WEEKEND WRAPPERS: In a bouncy review of the past year in classical music, New York
Times writer Daniel J. Wakin awarded the Solidarity Gold Medal to the
Plain Dealer's Donald Rosenberg for the widespread professional support he received from the nation's other classical music critics after his demotion by the
PD. The paper, displeased by his criticism of the Cleveland Orchestra's conductor, Franz Welser-Most, restricted him to lesser arts reporting that denied him his longtime beat of covering the Cleveland Orchestra....Speaking of the puzzling ways of newspaper front offices, I'm still trying to sort out the wisdom of the Detroit
News and
Free Press to limit the home delivery of their papers to Thursday, Friday and Sunday, beginning in March. The plan is the latest effort by newspapers to cut their losses. In this instance, it appears to be a bridge to nowhere. I don't see how it can possibly work to either the papers' or the readers' advantage. Absence on the doorstep four days a week will not make the the reader's heart grow fonder.
Clearing some debris from my desk, I chanced upon this stunning observation by former Secretary of Defense Donald Rumsfeld:
"Death has a tendency to encourage a depressing view of war."

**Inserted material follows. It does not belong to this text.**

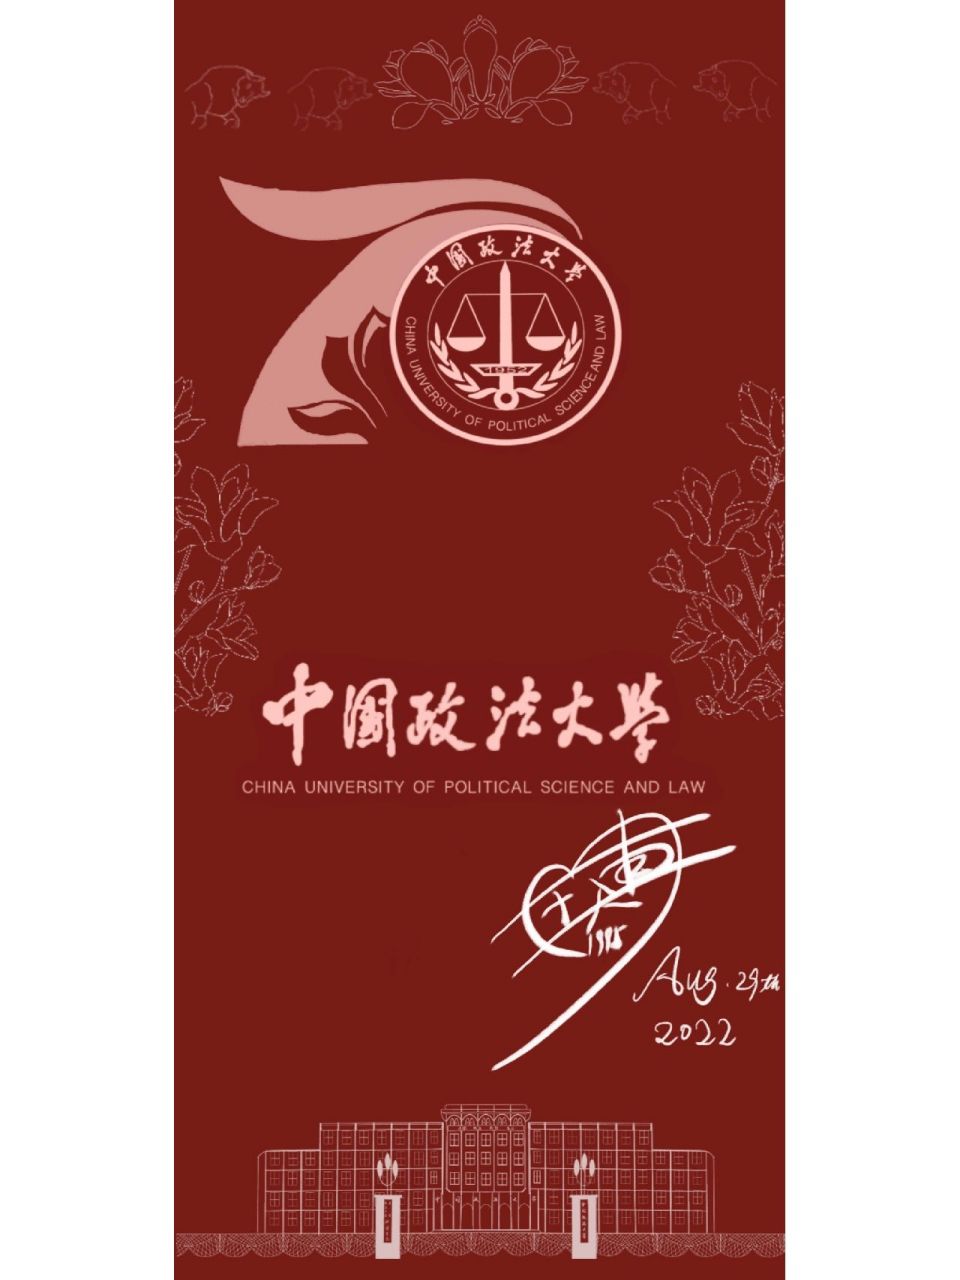 中国政法大学校徽壁纸图片

Good gracious! Who would have guessed?
Boo! Once again, sports announcer Al Michaels' neocon handshakes were in evidence as he
and his wife flew to a pro football game in the company of Rush Limbaugh and significant other. Michaels, who has been heard on the air to make light of waterboarding, obviously is in sync with a guy like Limbaugh, who has made light of Parkinson's Disease and the recent mugging of TV talk show co-host Nika Brzinzski. Guilt by association? Naw. Guilt by guilt.